WHAT IS NEEDED: From the material below, copy exactly the lines beginning with the one that contains "cerco scarpe puma" and ending with the one that contains "Image from Tnee Li Hong / Blogspot"; the pictures stay out.

DATA FOR THE TASK:
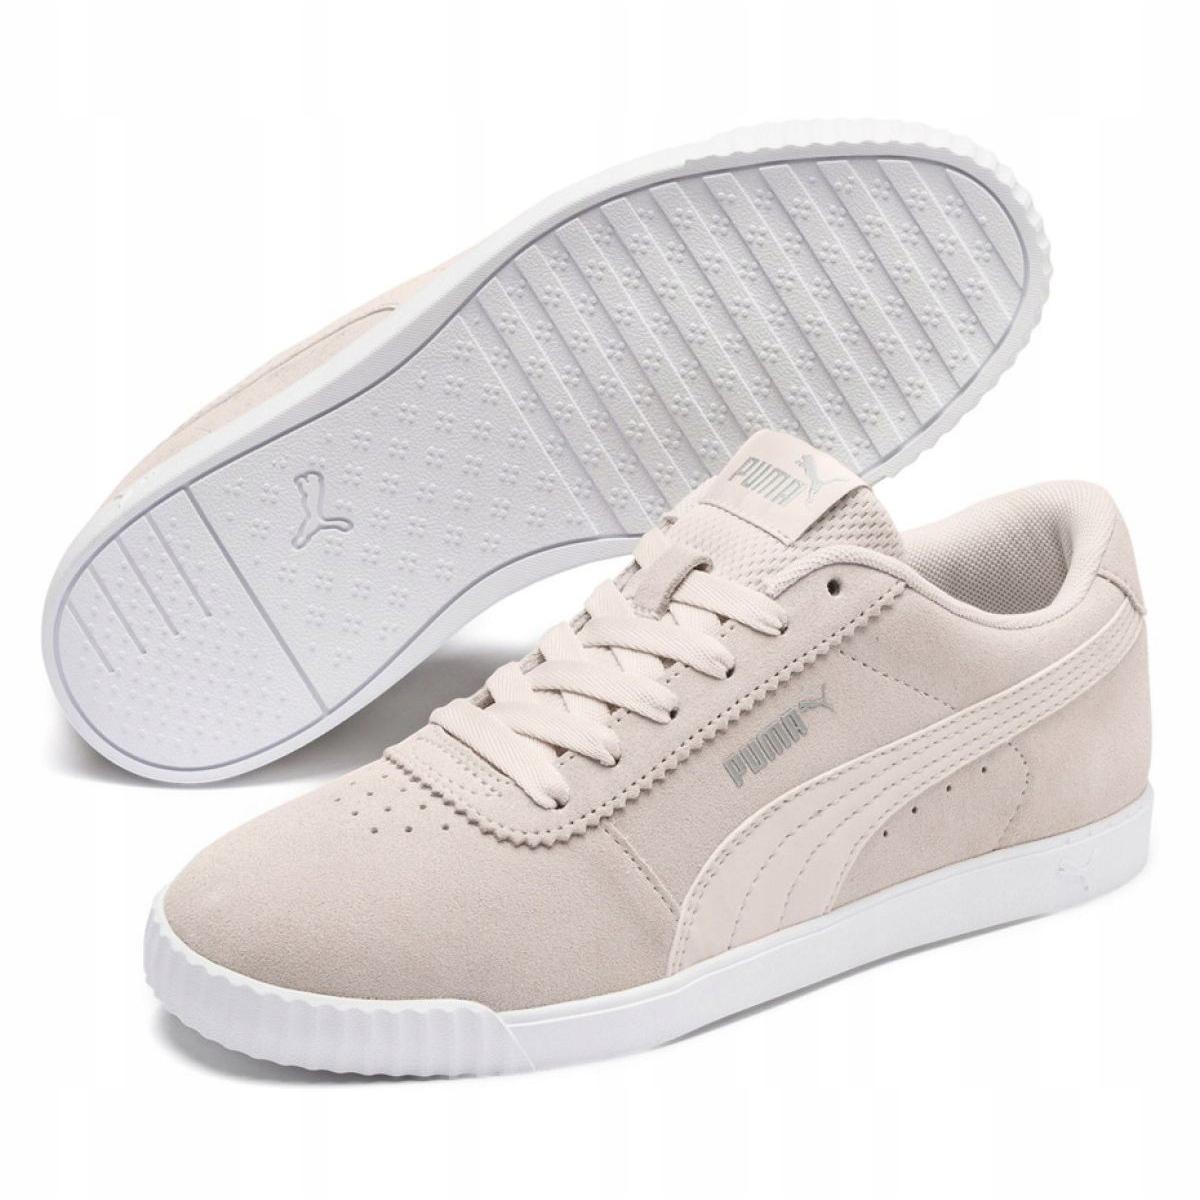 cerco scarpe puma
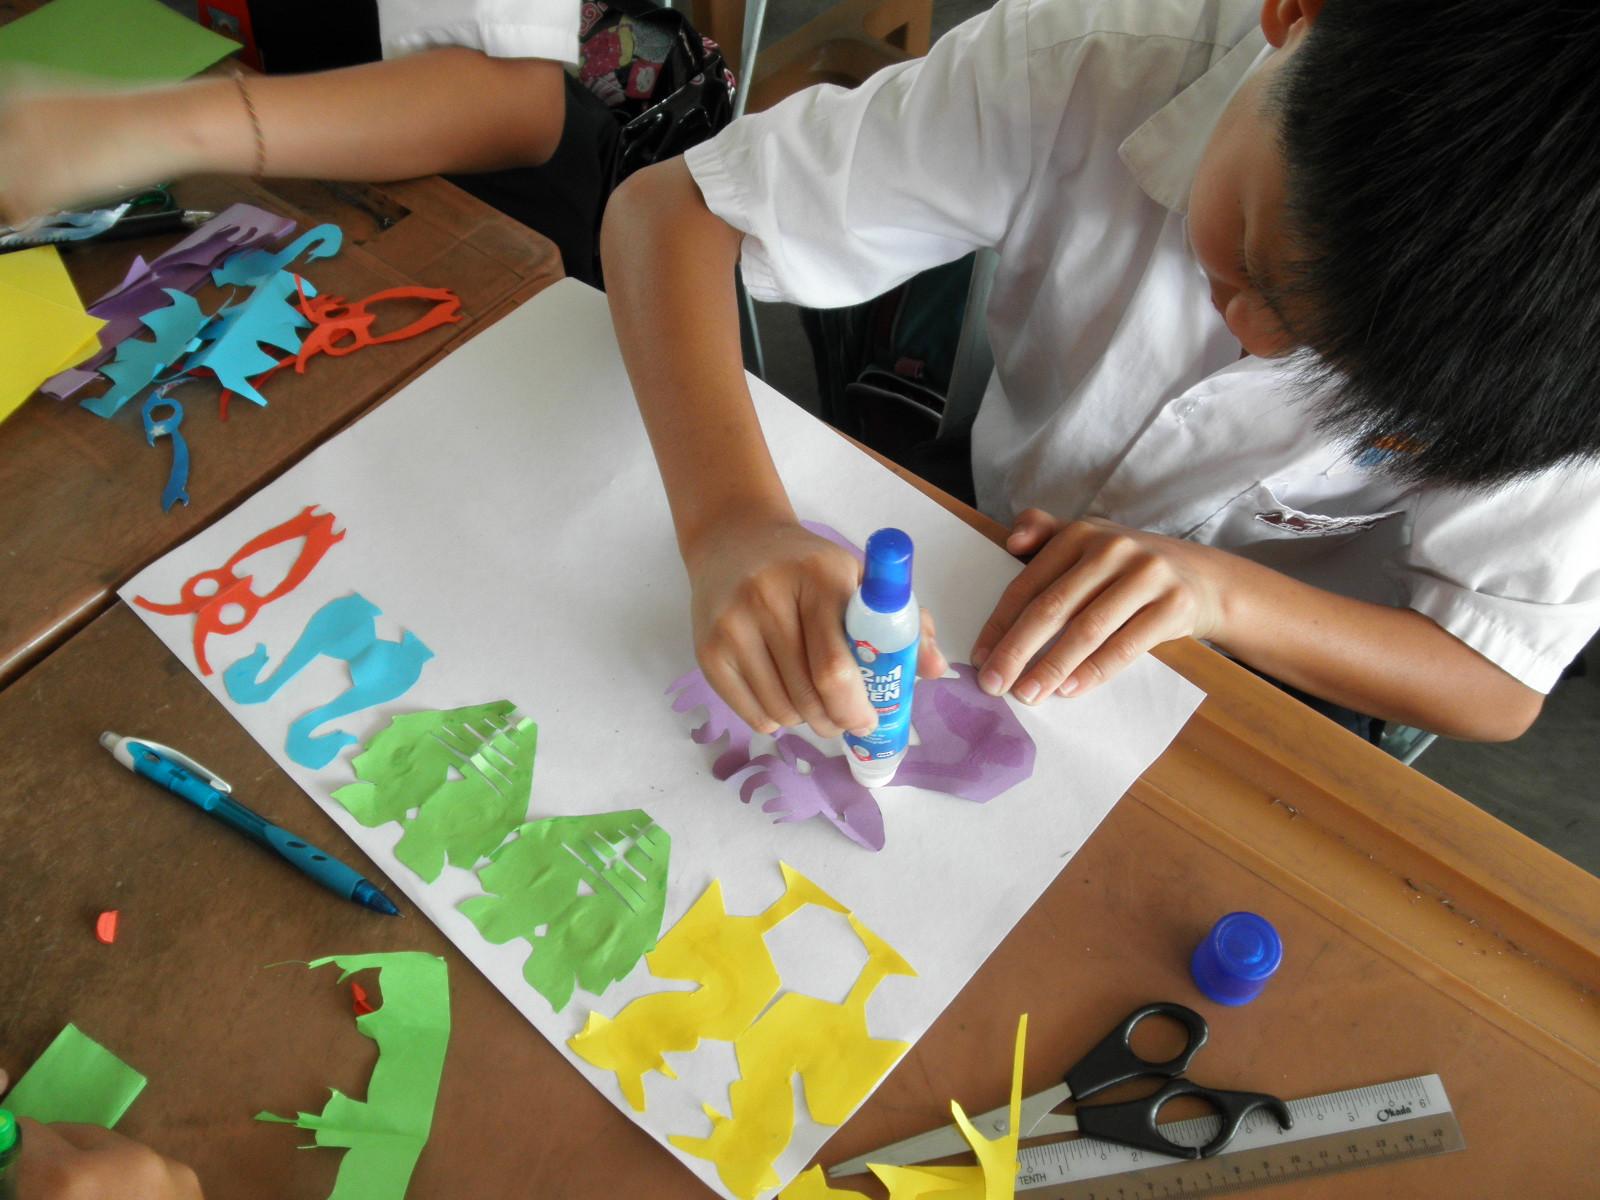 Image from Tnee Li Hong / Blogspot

...

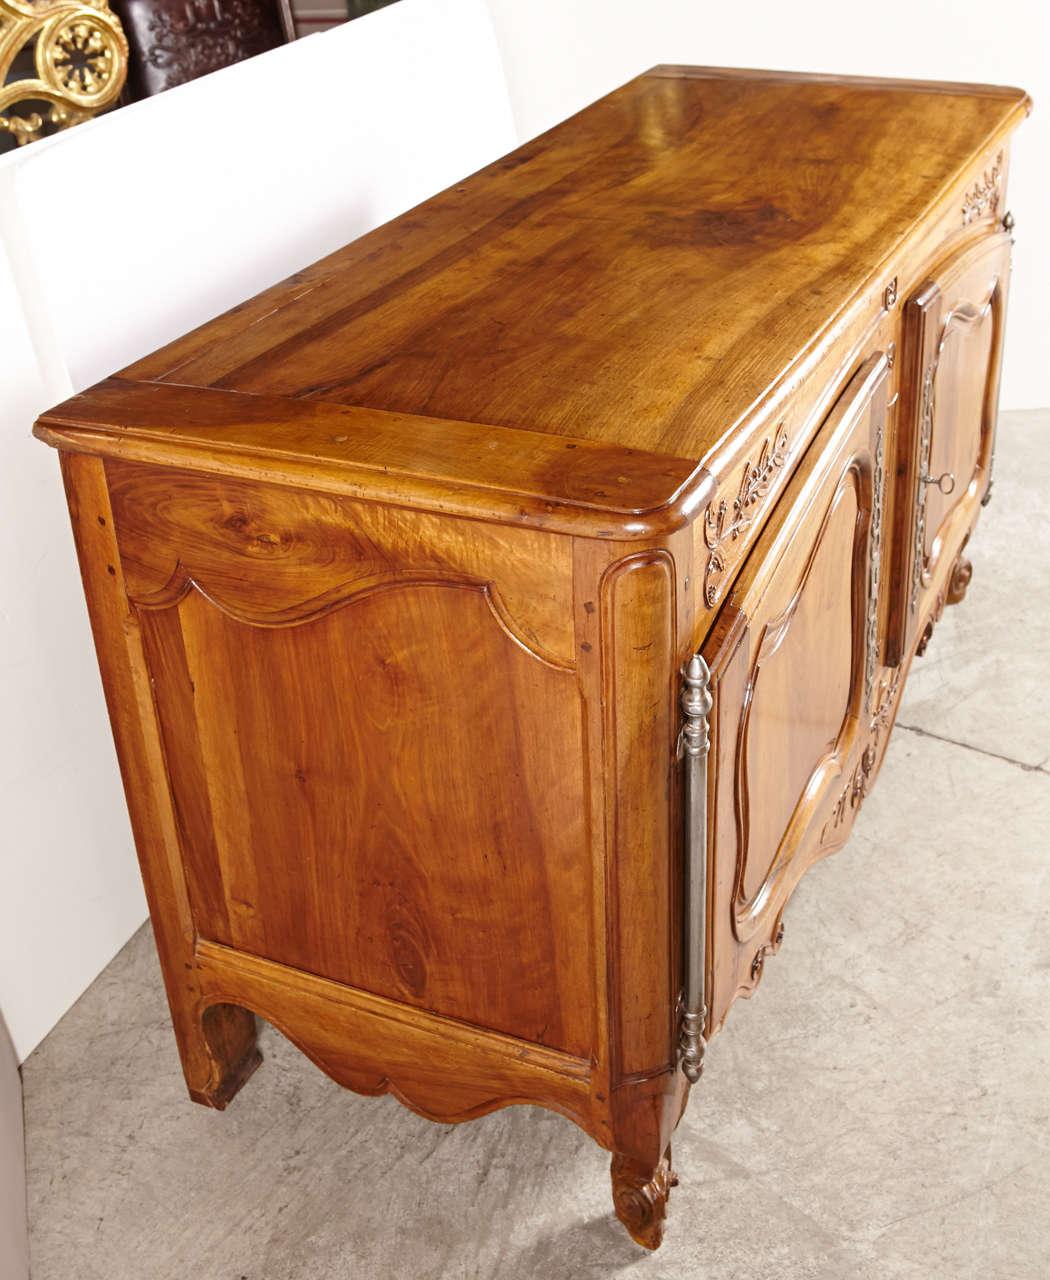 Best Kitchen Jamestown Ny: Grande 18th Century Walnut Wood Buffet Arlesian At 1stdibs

---

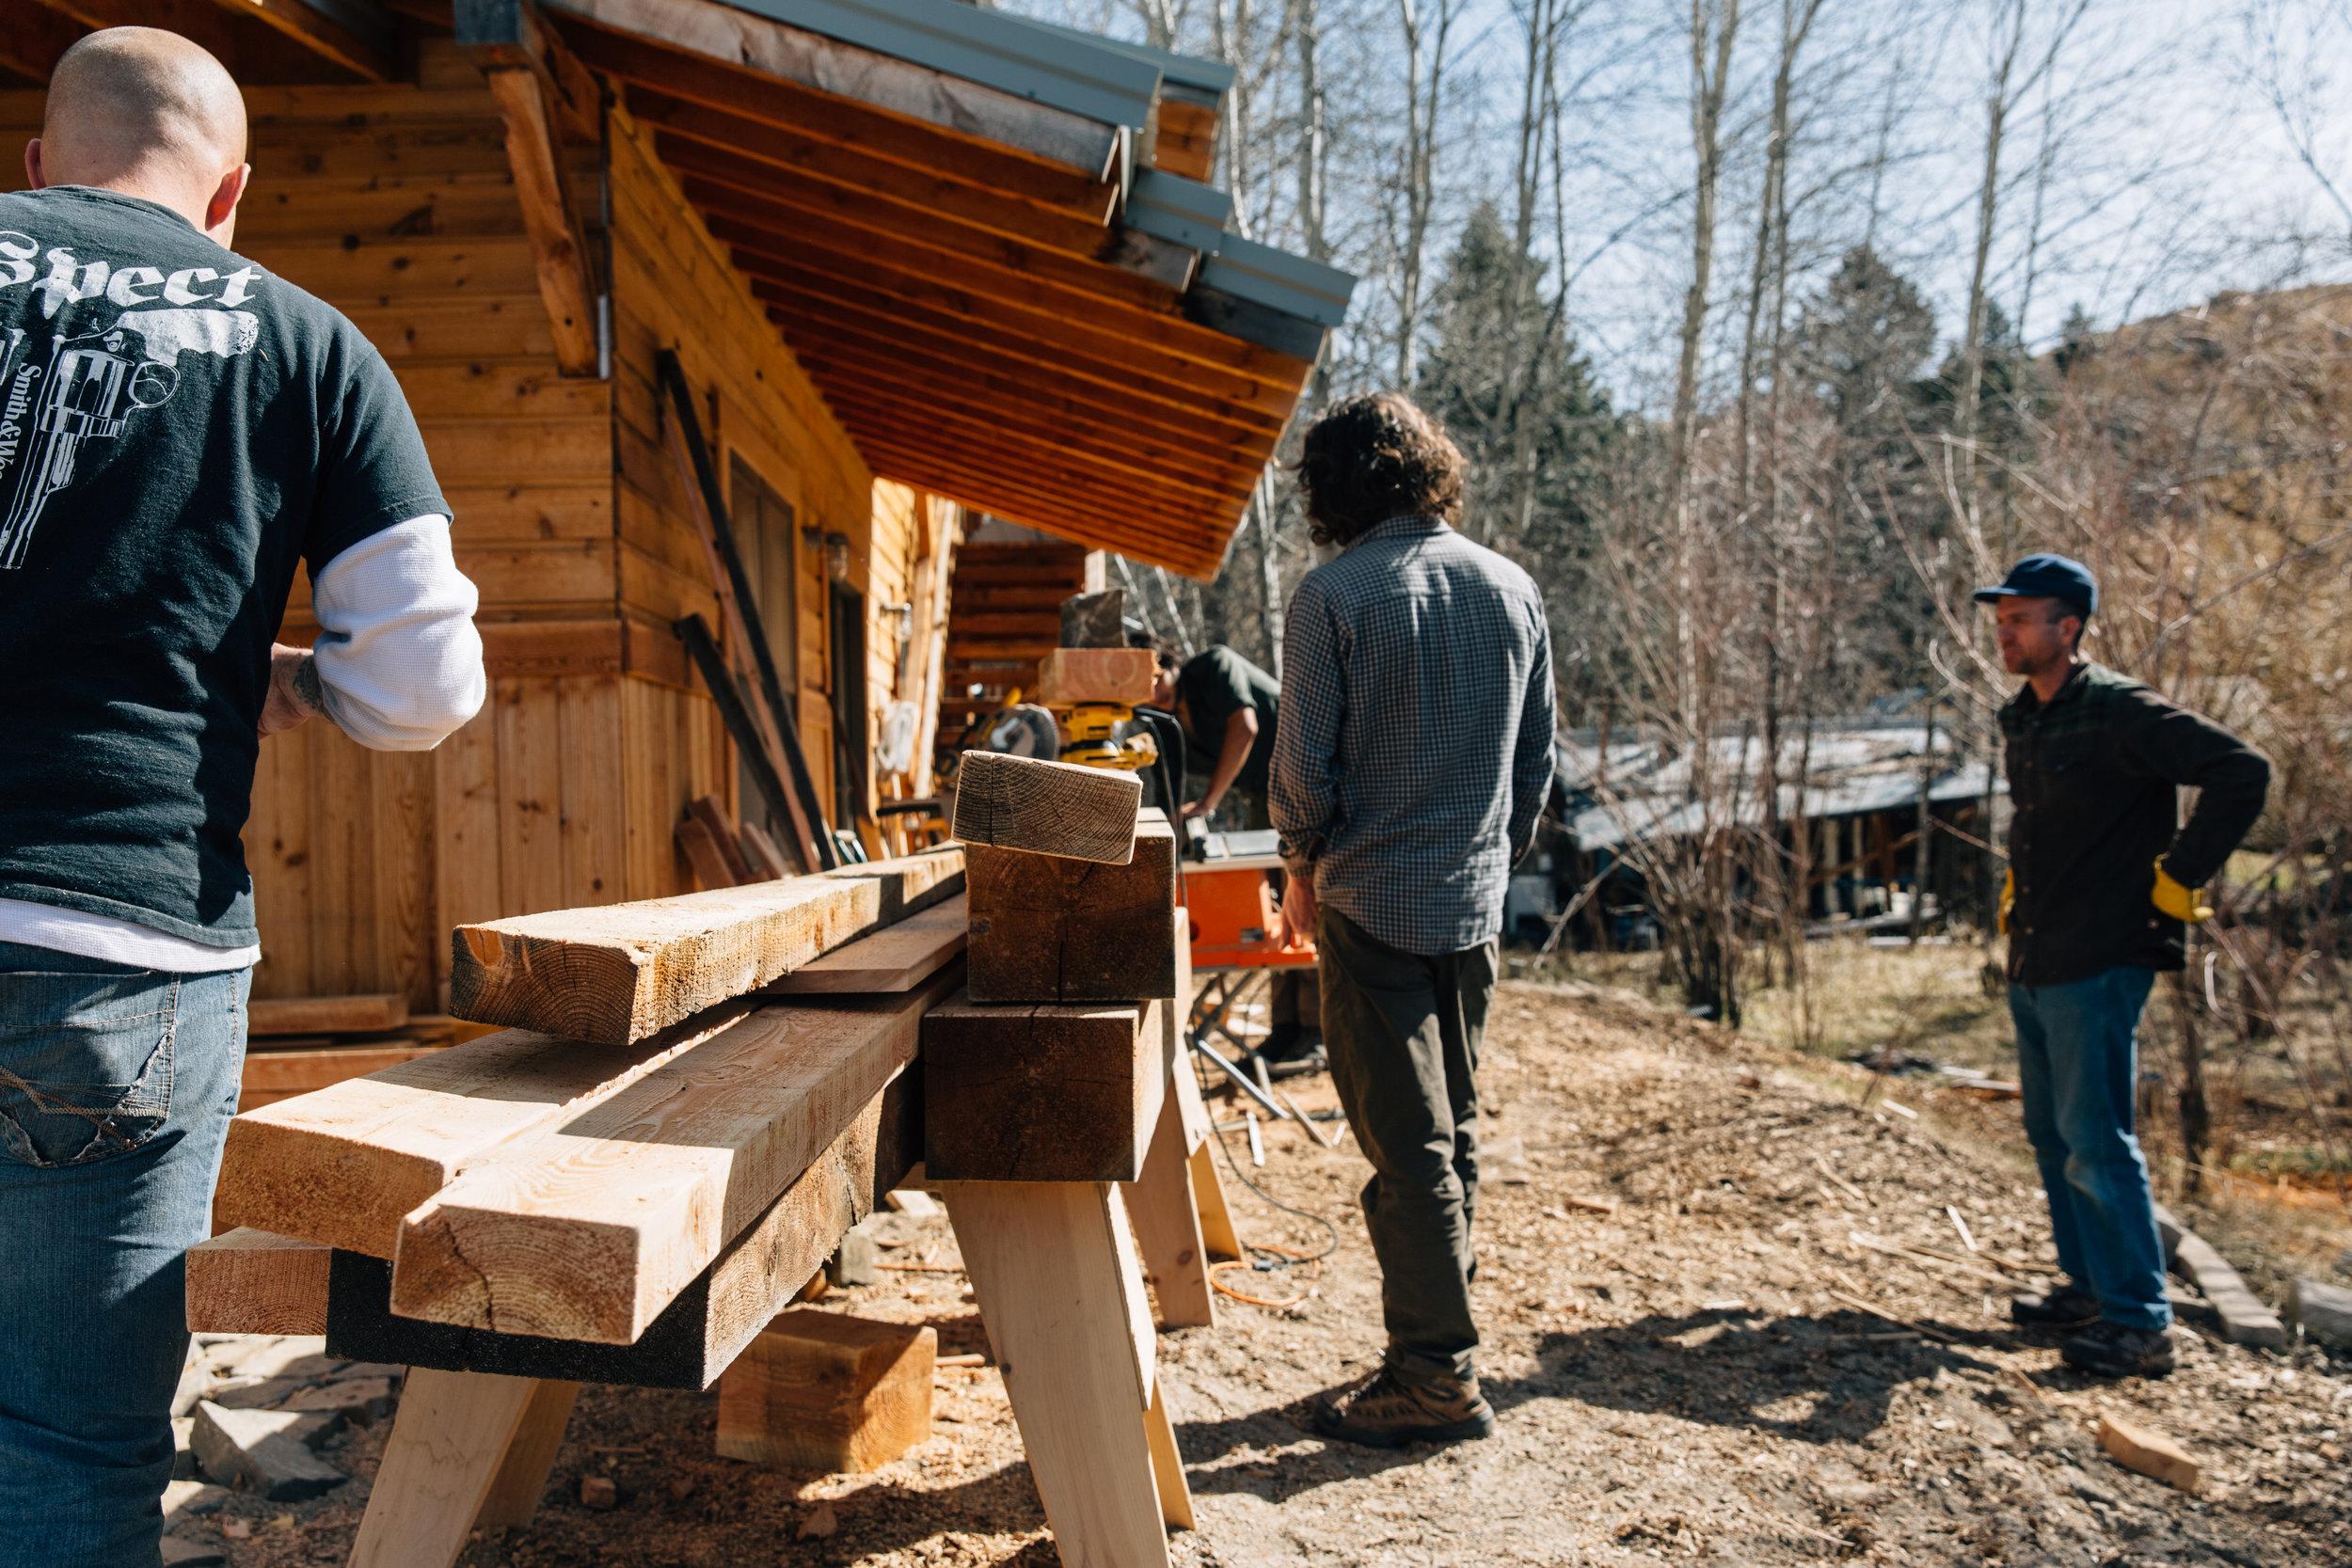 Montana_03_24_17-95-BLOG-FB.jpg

ANSWER BOX:
 cerco scarpe puma
 Image from Tnee Li Hong / Blogspot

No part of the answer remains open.